The choice of imaging techniques for restaging of PCa at a given centre depends on local parameters such as cost-effectiveness, accessibility and expertise. Many hospitals around the world still use BS along with an abdominal CE-CT scan as standard-of-care in the diagnostic workup. Although CE-CT has limited sensitivity [40], findings particularly of skeletal lesions from CE-CT together with bone scan findings has clinical implication in many hospitals where access to PET/CT imaging is limited. Hence, comparison of CE-CT findings with PSMA PET/CT is relevant to confirm the better diagnostic performance of the latter. Fluoride PET/CT is generally considered superior to 99mTc-MDP-BS and 99mTc-MDP-SPECT/CT for detection of bone metastasis [35, 41, 42]. In further support, few studies evaluated the impact of fluoride PET/CT on patient prognosis [43, 44]. At our hospital, fluoride PET/CT has been recommended over BS in PCa re-staging to locate early signs of bone disease and is generally performed with CE-CT to detect soft tissue lesions.
Using follow-up scanning we could show that some lesions are detected earlier with fluoride PET/CT than with PSMA PET/CT. In none of these cases did the higher sensitivity of fluoride PET/CT lead to therapy changes and the measured tumour burden was similar for both tracers. However, equivocal skeletal findings on fluoride PET/CT are relatively common and contribute to false positive cases [32, 35], which might require additional diagnostic procedures. In this study, we also found equivocal bones lesions on PSMA PET/CT, but the overall perception is that this is a lesser problem with PSMA than with fluoride PET/CT. In addition, PSMA PET/CT provided additional information in detecting local recurrences and lymph node metastases, thus influencing the management, as seen in 7 subjects in our current study.
Based on this study and the vast literature already published, 68Ga-PSMA PET/CT is a highly relevant first-line imaging modality in recurrent PCa. However, Fluoride PET/CT had a significantly higher detection rate for bone metastases and could be a relevant complement to PSMA-PET in certain scenarios.

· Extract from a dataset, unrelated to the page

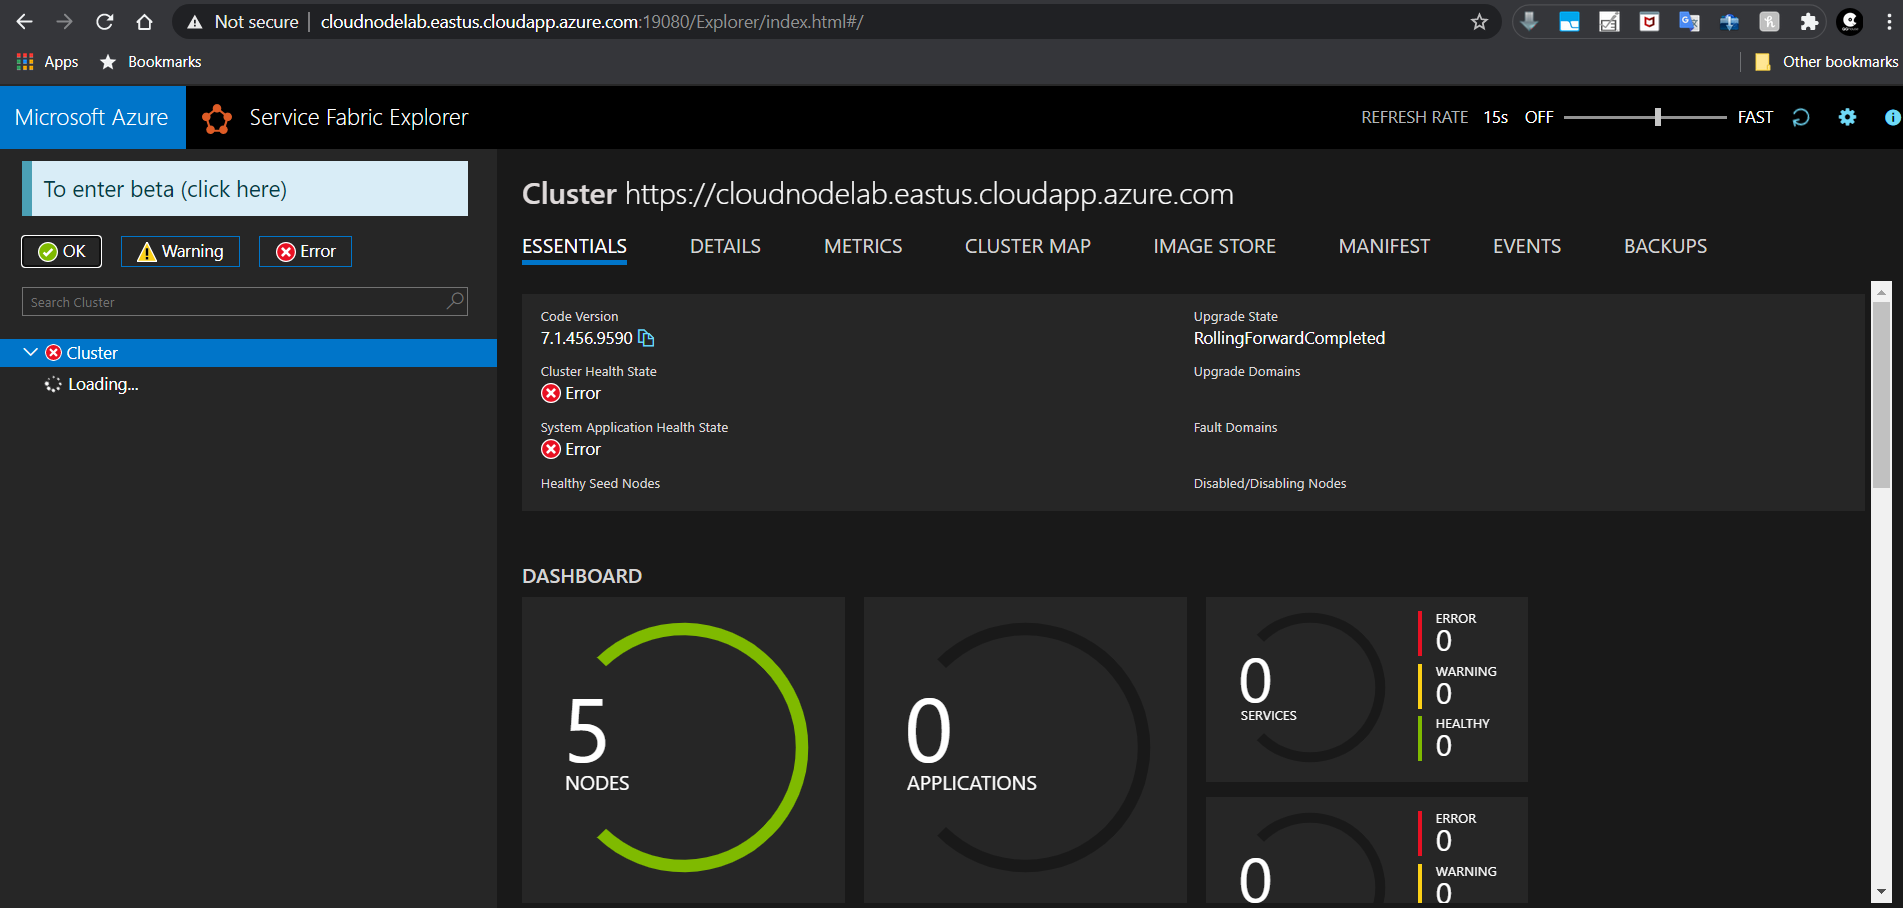 Creating an Azure Service Fabric Cluster

PSMA-expression might be reduced or absent in dedifferentiated PCa and a discrepancy between PSA levels and PSMA-PET findings should potentially trigger additional imaging with higher sensitivity in biochemical relapses after treatments with curative intent [45]. PSMA PET/CT followed by fluoride PET/CE-CT might also be a relevant combination for ruling out PSMA-negative lesions before treatment with PSMA-targeted radionuclide therapies.
This study has several limitations. It was based on a small group of patients with high suspicion for widespread disease involving bone, introducing some bias. A standard reference, preferably histological reports, to confirm the discrepant findings of PET imaging is missing. However, accessing bone for biopsy collection is neither ethically nor practically possible in all lesions. Follow-up scans with optimal imaging modalities were not available in all patients.